Nun ja wer eine Reise tut……

Nochmals, Beziehungen sind äusserst hilfreich um Einblicke ins längst Vergangenes zu erhaschen. Nicht weit von Freiberg, rund 25 Kilometer westlich findet sich das kleine Städtchen Dippoldiswalde. Dieser Ort, damals in mitten eines kaum durchdringbaren Dschungels, erblühte im 12. Jahrhundert dank reicher Silbererze.

Die alten Bergwerke, heute auf Stadtgebiet, sind kaum dokumentiert und einzig dank bekannter Bergsanierung wieder auffindbar. Es folgte, die Jahre 2012 bis heute, eine umfangreiche archäologische Aufarbeitung. Ein solcher, alter Schachtabbau schlummert zwischen Glashütterstrasse und Reinholdhainerweg in einer knapper Tiefe von ca. 20 Metern.

Dippoldiswalde

Wie üblich wieder die Freitaler Bergbausicherungsfirma mit Dreibeinförderanlage auf dem Schacht.

Dippoldiswalde

Was anfänglich ein dicker, grosser, zeitgenössischer Arbeitsschacht ist,

Dippoldiswalde

verengt sich zunehmend auf die annähernde Original-Feuersetzdimension des 12. Jahrhunderts.

Dippoldiswalde

Ein noch belassener, vertikaler Abbauschlitz, zeitweilig kaum 20 cm breit, verdeutlicht die beschwerlichen Arbeitsbedingungen welche die Knappen, fürs wenige Silber, auf sich nehmen mussten. Kinderarbeit war zu jener Zeit die Regel in solch eher kleineren Gruben.

Dippoldiswalde

Zurück auf der modernen Bergsicherungsbaustelle tröpfelt überall Wasser von den Wänden.
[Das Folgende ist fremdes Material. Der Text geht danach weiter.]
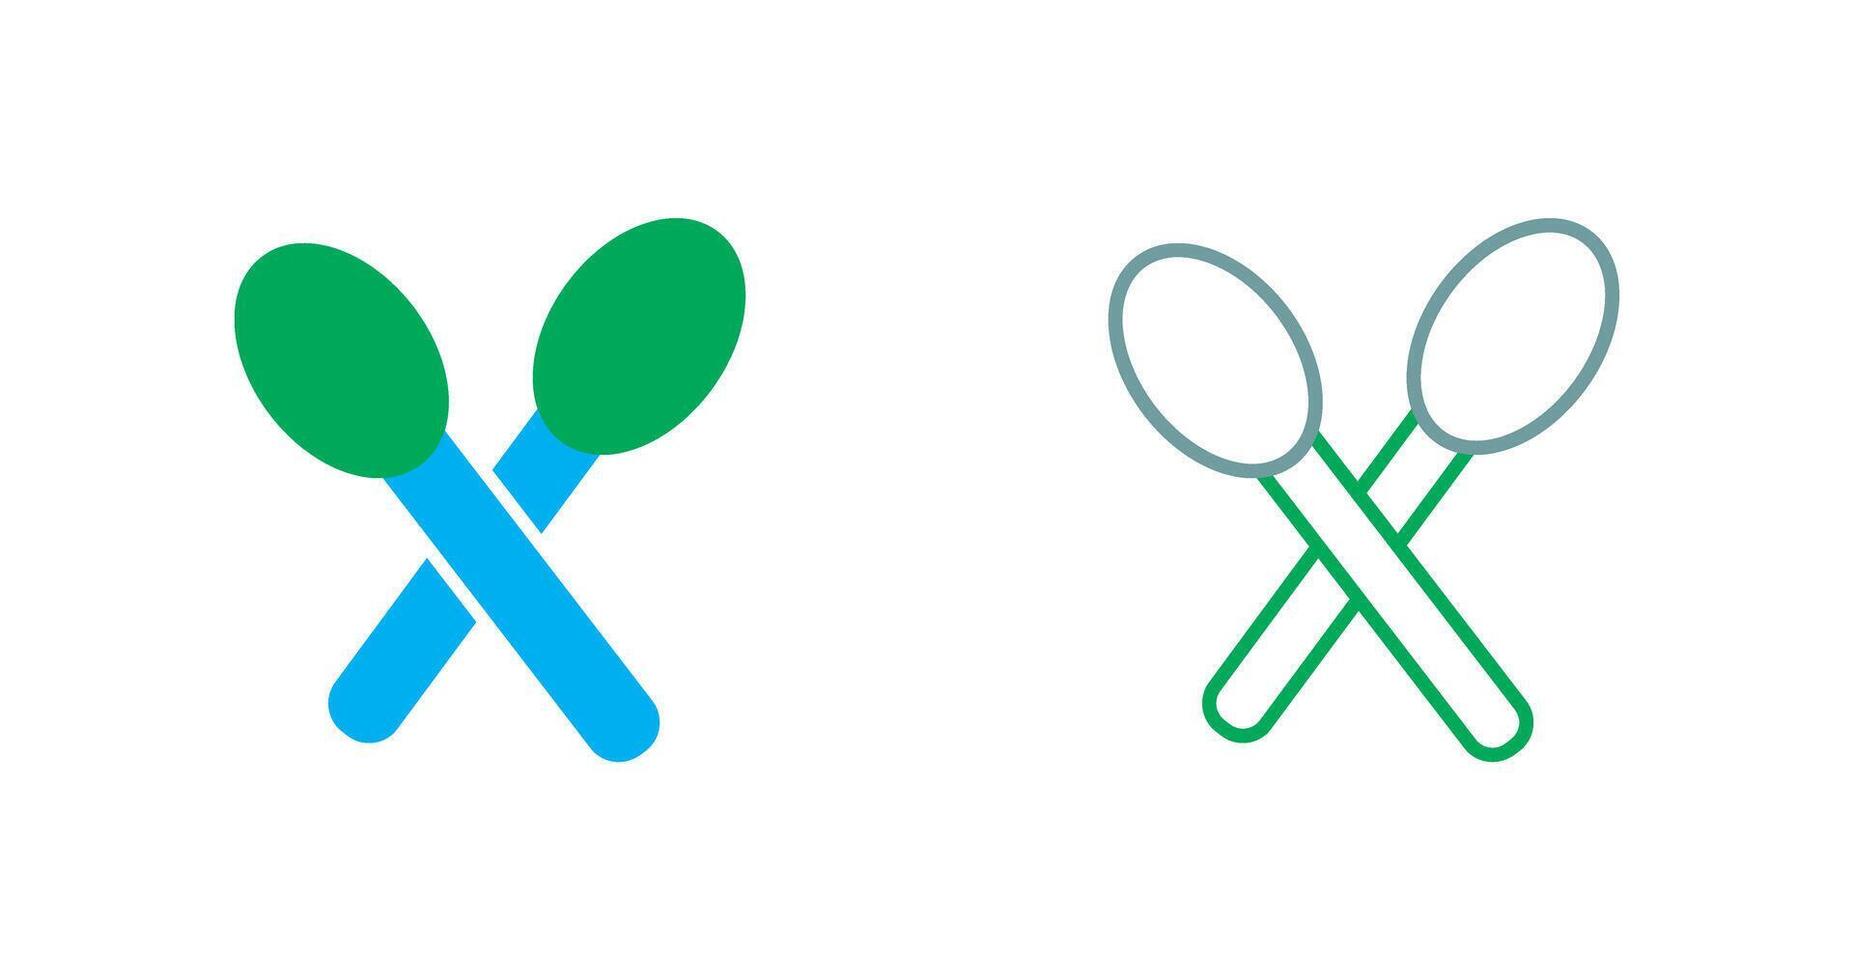 Spoons Icon Design vector
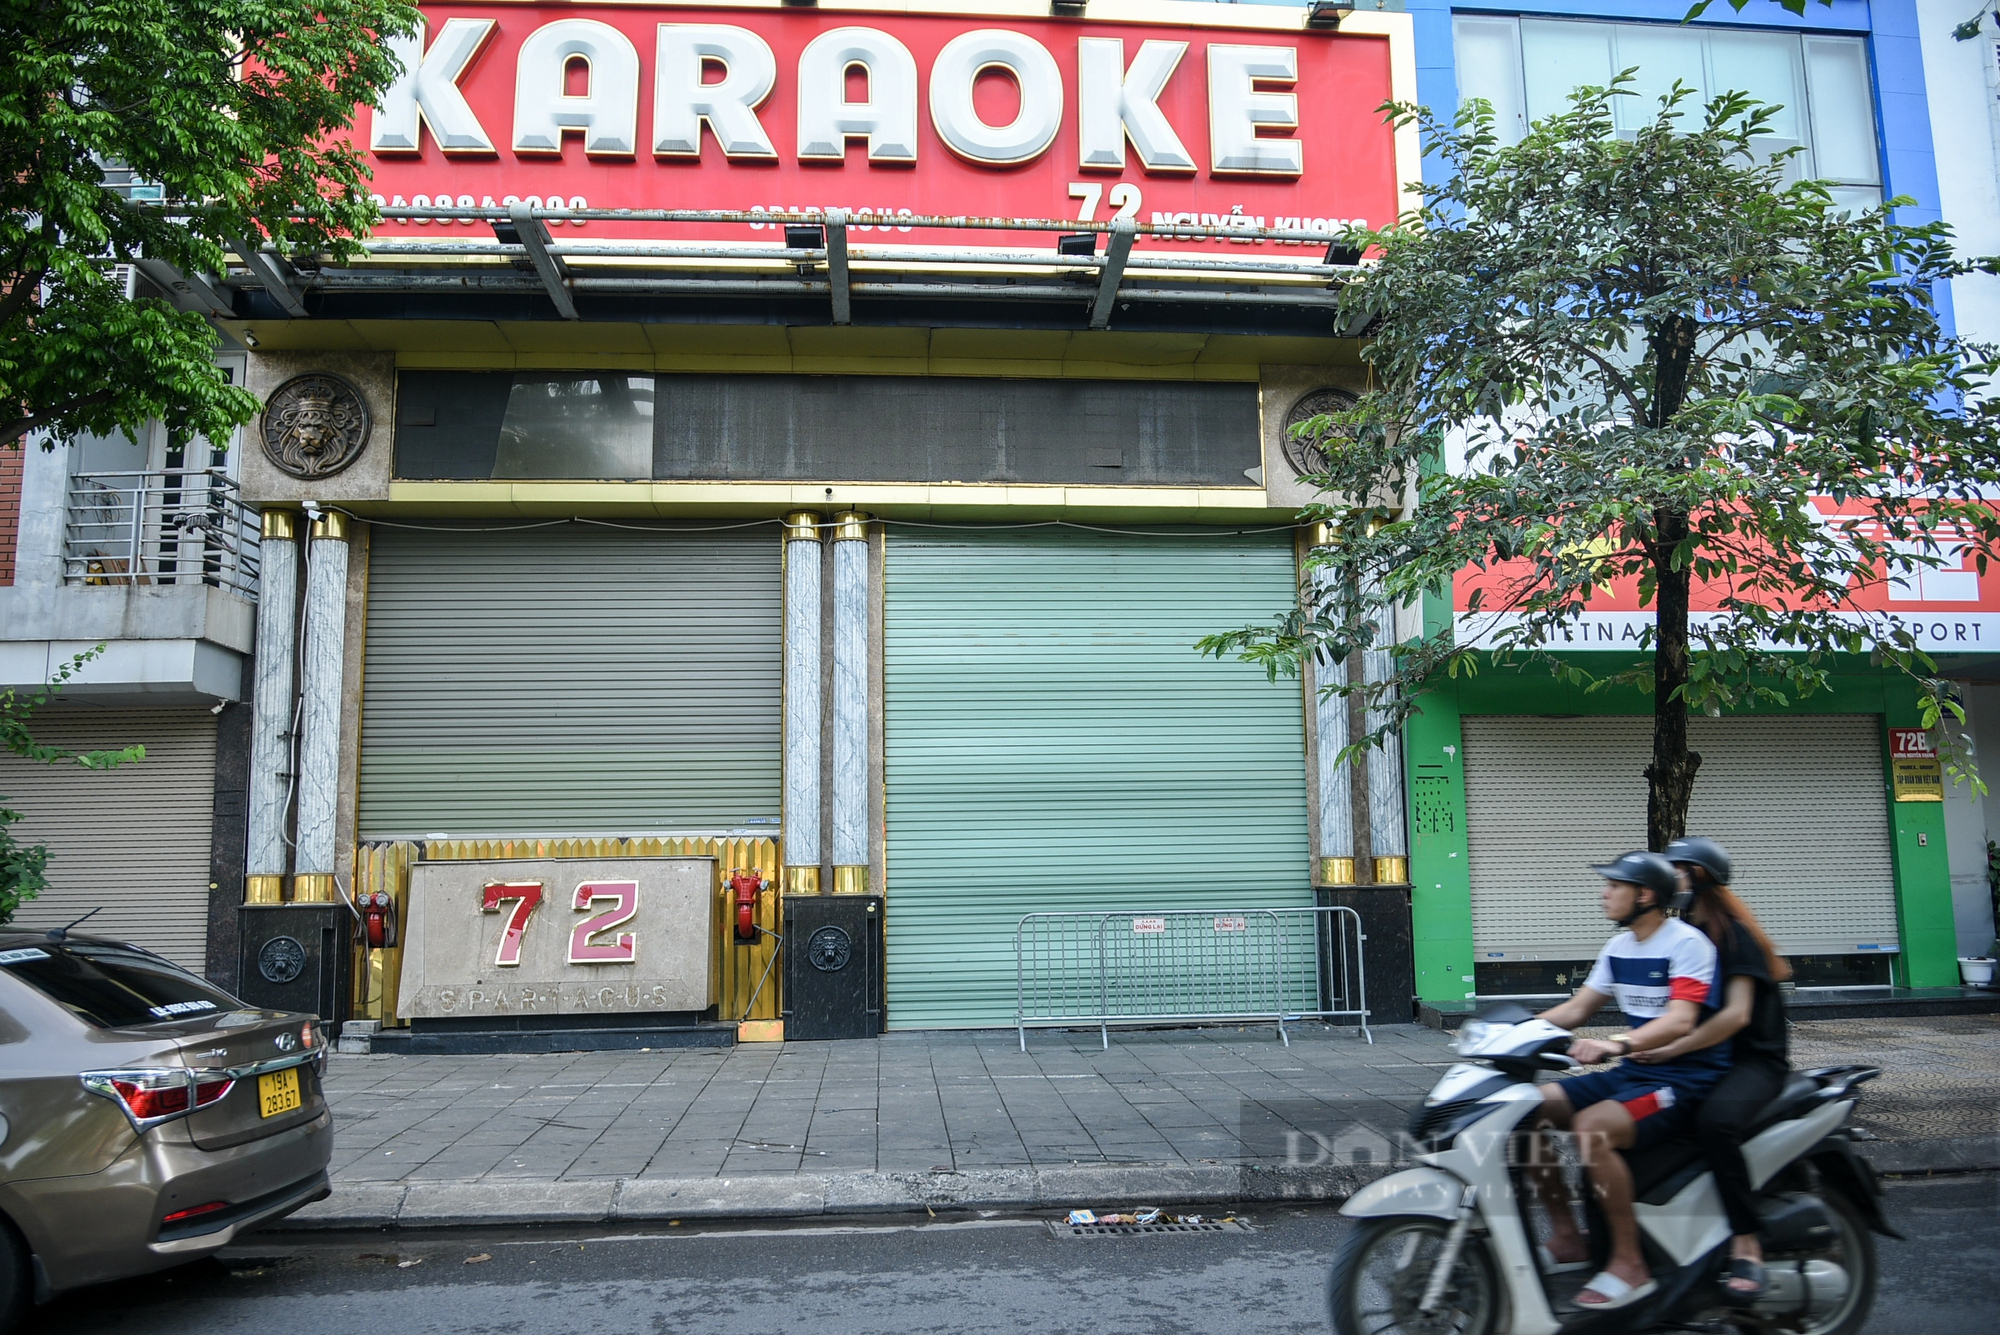 Sau hàng loạt vụ cháy, nhiều quán karaoke ở Hà Nội rơi vào tình trạng ế khách - Ảnh 3.

Die Befürchtung das tief im Wasser weitere Unterwelten ruhen, wird sich bald bestätigen.

Dippoldiswalde

Wasser plätschert über manch wunderschön feuergesetztes Mittelalterprofil.

Dippoldiswalde

In einer Seitenabzweigung findet sich ein Stollenkreuz welches anfänglich vorgibt rein Horizontal 4 verschieden lange Stollenwerke zu verknüpfen. Wehe jedoch es wage der / die Neugierige das kleine Abbauschlitzlein im Bildhintergrund zu erreichen. Das trübe Wässerchen weiss unerwartet, überraschende Tiefe eines Schachtes auf. Schlammgefüllt wird dieser Abwärtsgang zur äusserst unangenehmen Erfahrung.

Bei genauerer Betrachtung erscheinen, knapp oberhalb der Wasserlinie, Balkenlager einer früheren Holzbühne. Es besteht kein Zweifel, in dieser Weitung stand einst ein Haspelgestell.

Dippoldiswalde

Das Haspelgestell könnte in etwa denjenigen entsprechen welches gegenwärtig im Bergbaumuseum Dippoldiswalde steht.

Dippoldiswalde

Kleines Plänchen zur Verdeutlichung der  Gruben.

Im 12. Jahrhundert sind meist vertikale Schächte, dem Erzgang folgend, getrieben worden. Viele solcher Schächte mit anschliessender, rund 40 oder mehr Meter, langen Stollenseitenarmen, finden  sich auf Stadtgebiet. Einige dieser Anlagen sind bereits archäologisch ausgewertet und, zur Stabilisierung, mit Beton verfüllt. Mein besuchtes Exemplar ist leicht ausserhalb des Stadtzentrums, wobei wohlbemerkt, die erste Stadt um ca. 1100 an Flüsschen „Rote Weisseritz“ zu stehen kam. Im 12. Jahrhundert war die Gegend stark bewaldet und kaum durchdringbar. Erst ums 13. Jahrhundert entstand die heutige Stadt etwas erhaben, im Schutze des Hochwassers, auf einem Felsvorsprung.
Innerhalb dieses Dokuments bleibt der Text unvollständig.